Пять минут спустя мы сидим за столиком у окна, и я с наслаждением пью кофе с горячей молочной пенкой. Василий сидит напротив в расслабленной позе, и не спеша меня рассматривает. Удивительно, но сейчас это меня почему-то совсем не смущает.
– Ну и как вам конкурс? – спрашивает он.
– Отличный.
– Да? А что в нем вам нравится?
– Разнообразный. Интересные задания. Можно реально увлечься, пока переводишь.
– Дух соревнования?
– Ой, нет, я не люблю соревноваться, – я откусываю свежайший круассан и невольно закрываю глаза от удовольствия: аромат, нежность легкого теста, сладость миндального крема… – Ммммм…
Василий смеется, в его глаза пляшут янтарные искорки.
– Вы так заразительно наслаждаетесь, Маша, – и он берется за свою лимонную тарталетку.
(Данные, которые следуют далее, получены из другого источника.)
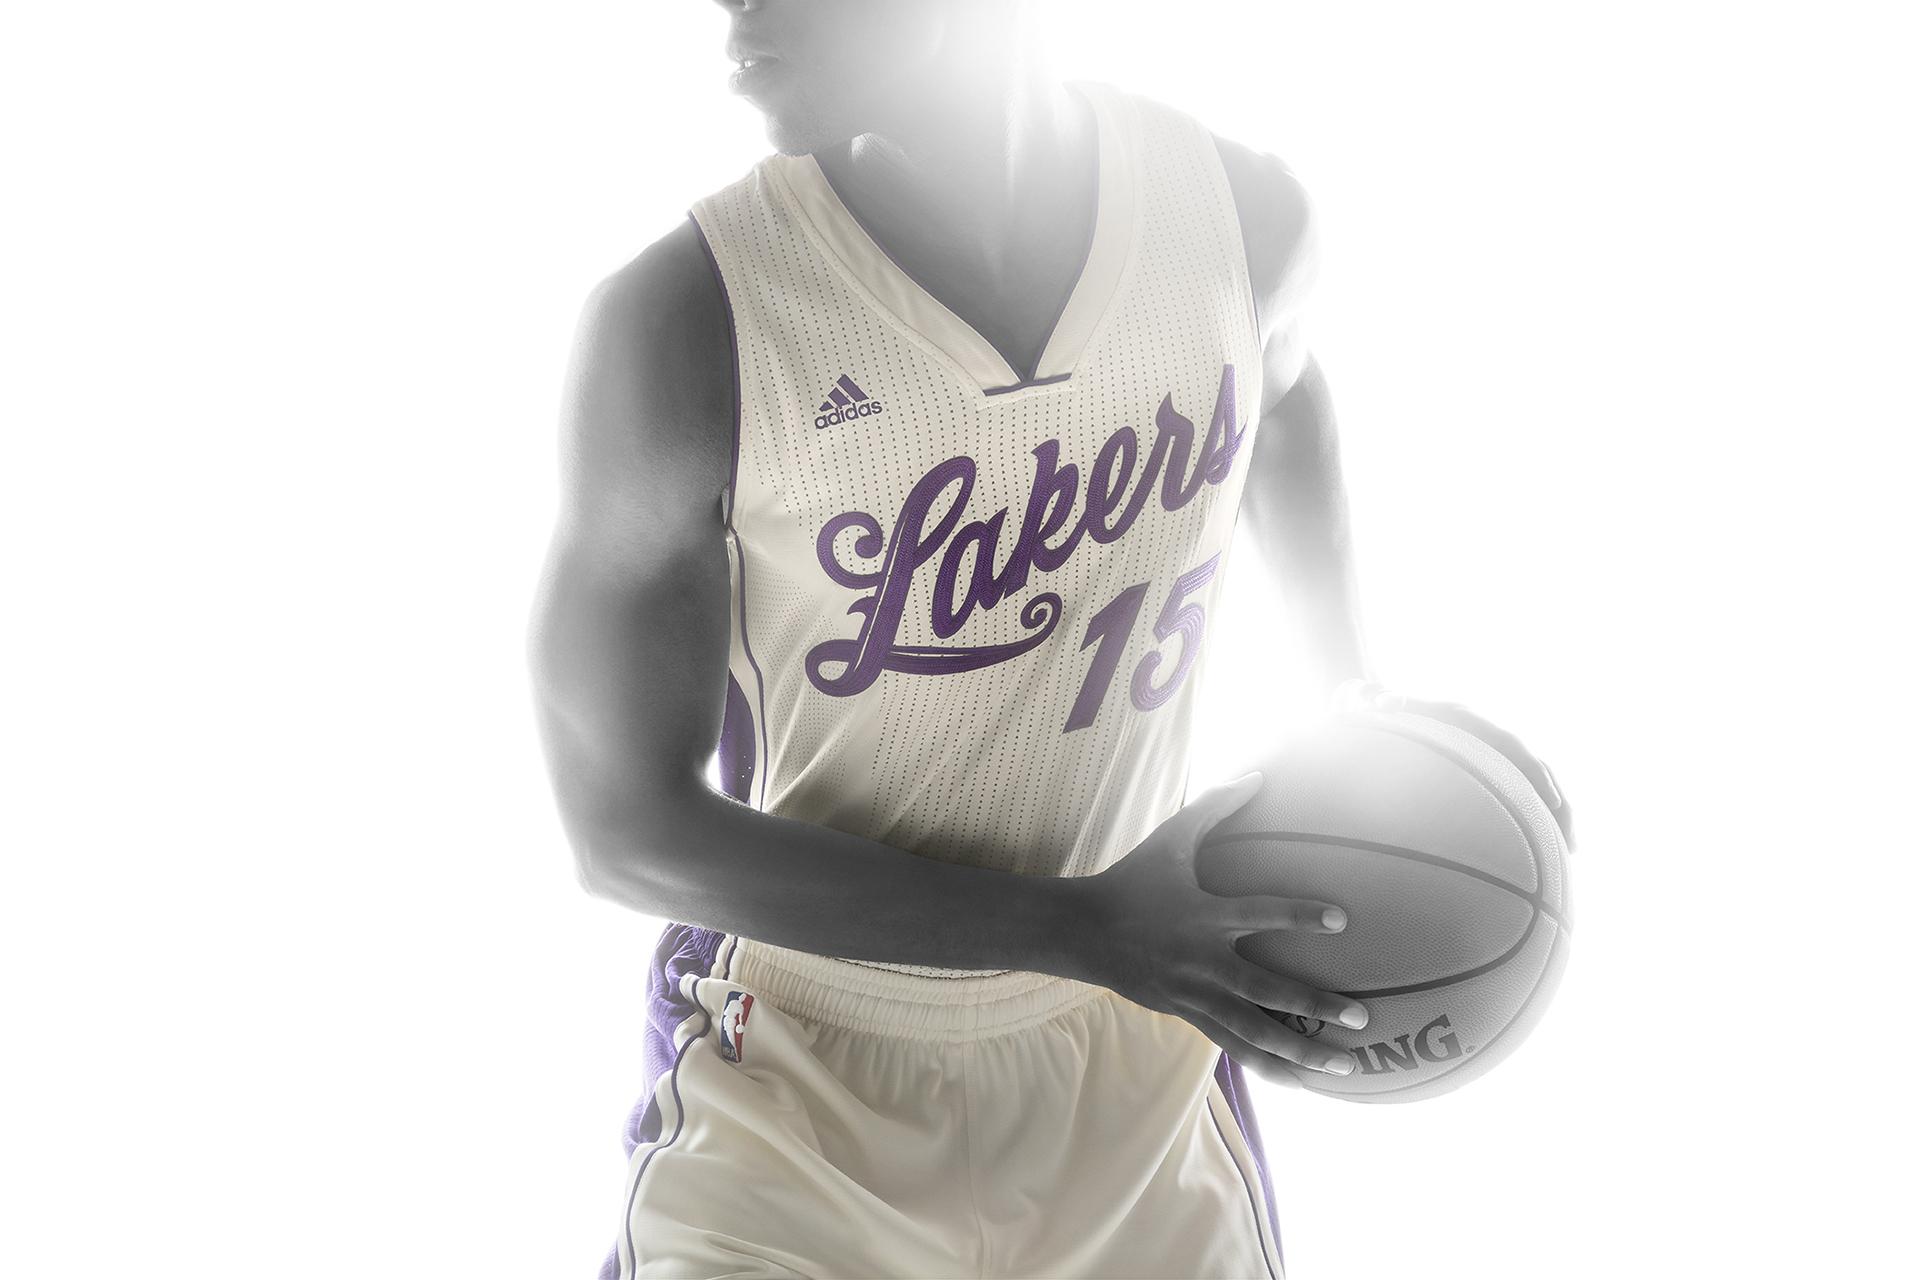 FW15_XmasJers_Torso_Lakers.jpg

Я смотрю, как он ест, и невольно отмечаю и белоснежные зубы, и волнующую форму губ… и маленькую крошку, прилипшую к загорелой коже прямо в уголке рта. Он поднимает глаза, снова смотрит прямо мне в лицо, и я машинально молча показываю ему рукой: смахни крошку. Он отзеркаливает жест, крошки на коже больше нет, но я заливаюсь румянцем и вдруг смущаюсь почти до слез. Господи, что это происходит?
Внезапно мобильный в моем кармане громко звонит.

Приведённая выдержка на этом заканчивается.